Justice for Bulgaria is the name of the newest in the long line of “civic movements” emerging on the political stage in this country. Its creation was announced by former prosecutor general Ivan Geshev in a live stream on Facebook.

It is not a party yet because Geshev has not been dismissed from the position as yet, and hence does not have the right to be involved in politics. The aim of the movement will be “an independent judiciary protected from criminal political encroachments”, and its motto – “God, fatherland, family”, the former prosecutor general said. In his motives for creating the movement Geshev stated that “nobody is thinking of Bulgaria or the people any more” and that “this cannot be tolerated any longer” because “our children won’t stay here”. Ivan Geshev stated he owes answers to all questions coming from the public, and that he will give the answers to them during a series of personal meetings around the country.

“It will be a civic association, patriotic, based on Christian ethics and the traditional Bulgarian family values,” said Ivan Geshev, and went on that once his resignation is accepted all people need to stand together in the name of “conservative values”. “It is high time a genuinely Bulgarian project was put in place, not a project of the embassies which have been manipulating our country,” Geshev said and went on that what matters to him most is the “direct contact with the people”, and that the ruling class has always wanted to restrict the rights of the citizens but that “Bulgaria has never been in the humiliating position it is in now.” Ivan Geshev also called the National Assembly “a safe haven for criminals with immunity” where “some got themselves whitewashed, while others saw their way to grabbing hold of power”. That is why it will be Justice for Bulgaria’s aim to restore the majority voting system and justice which Geshev says has been trampled underfoot by the criminal model of governance. Bulgarians should have a sense of national pride, they should be confident that Europe is working for the fatherland, and not for the underhand dealings of the euro-bureaucrats, the former prosecutor general said. Asked, on Facebook, about high-profile court cases, like Barcelonagateand why work on it is being resumed at this precise moment in time, Geshev admitted there was a widespread public sentiment that this, and some other cases have been delayed:

“Justice is a difficult and complex process, and not just in Bulgaria but throughout the EU the important cases drag on for years,” Ivan Geshev said.

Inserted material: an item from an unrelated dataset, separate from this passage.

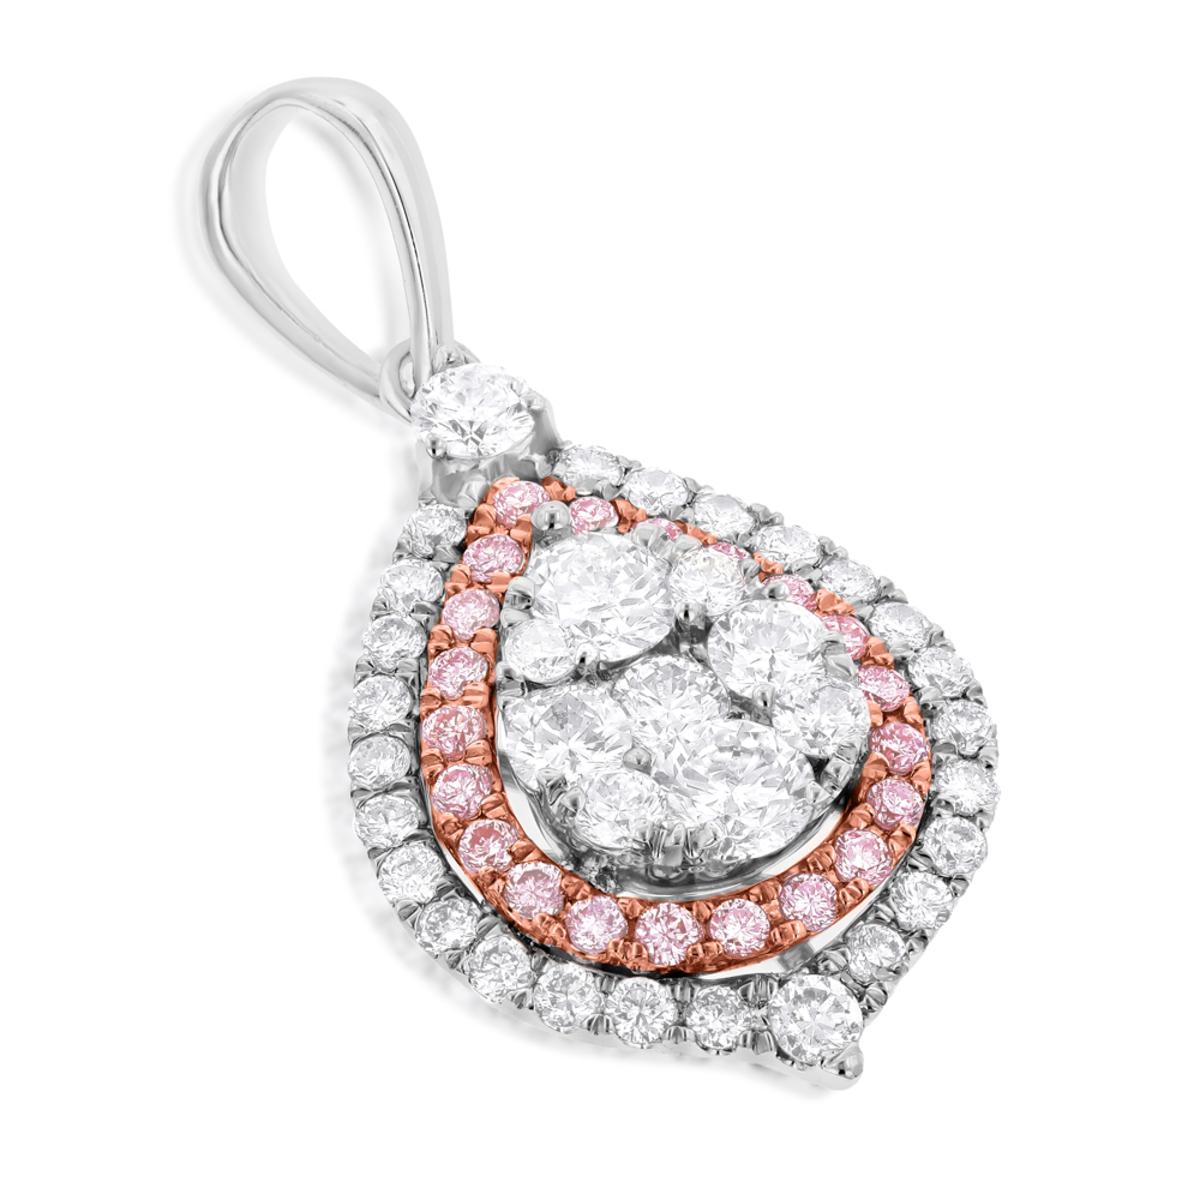 14K Gold Teardrop Shape Cluster White Pink Diamond Pendant for Women 1.25ct

“Work on all of them has been active and, it is perhaps now time for a countdown. I would like to remind the public that it is the security services and the Interior Ministry that solve crimes, inform the prosecutor’s office which then files the indictment in court, where the perpetrators can be sentenced. If the Interior Ministry or the services do not solve a crime, the prosecutor’s office cannot do its job, and the court cannot sentence the individual in question for a given act. So why then did people like Kiril Petkov, Hristo Ivanov and others around them keep harping on about the house in Barcelona, the drawers and Boyko Borissov for months but are now asking the question: why now? That shows lack of principle, it shows they are only interested in power.”

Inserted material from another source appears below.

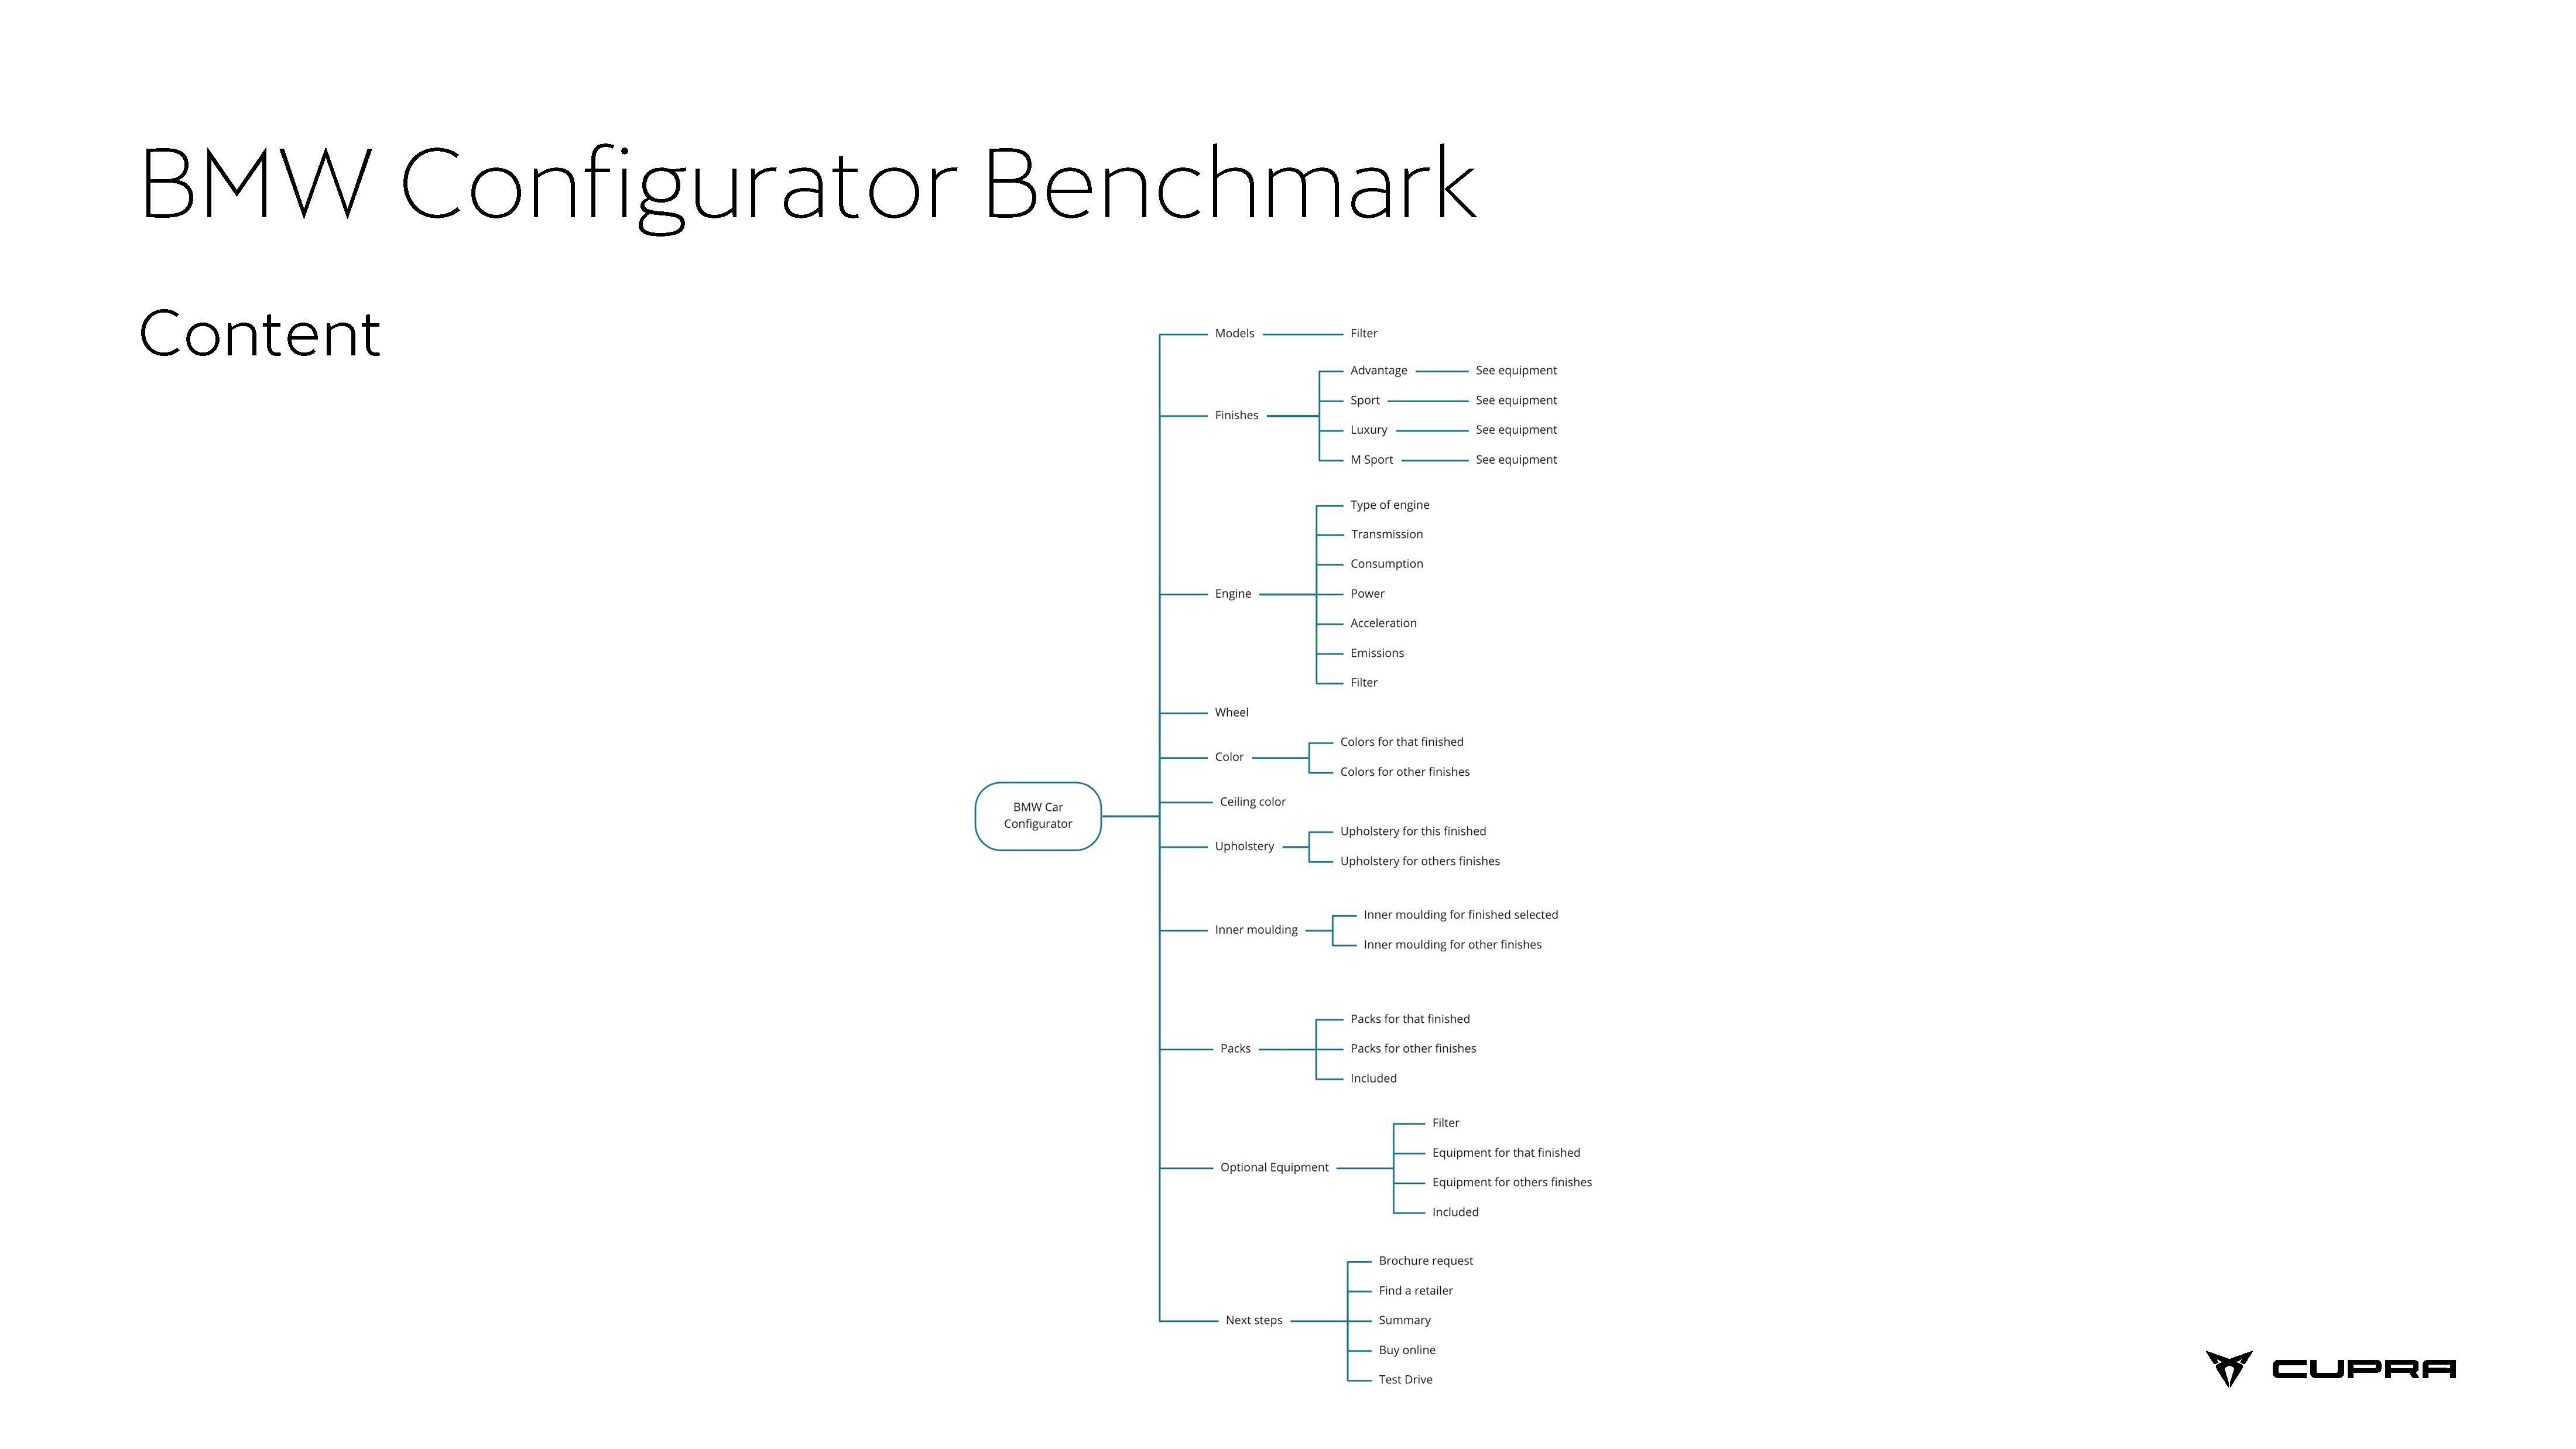 Benchmarking Car Configurator_Página_12

Asked whether he is linked to fugitive businessman Vassil Bojkov and whether he might sponsor Geshev’s future party, the former prosecutor general said this was not true. The link, he said, to the abovementioned businessman was connected with the fact that while he was prosecutor general, 19 charges were brought against him. Ivan Geshev added that the people he will be relying on, if he decides to set up a party, are the Bulgarian citizens who are disgusted by politics and who believe the direction has been lost long ago, but who want to live in Bulgaria with their children.

Ivan Geshev’s announcement was followed by a host of comments by analysts, while according to an Alpha Research poll, conducted June 20-26, Geshev’s approval rating as a would-be politician stands at 3%, while 82% of the respondents say they would not put their trust in a party led by him.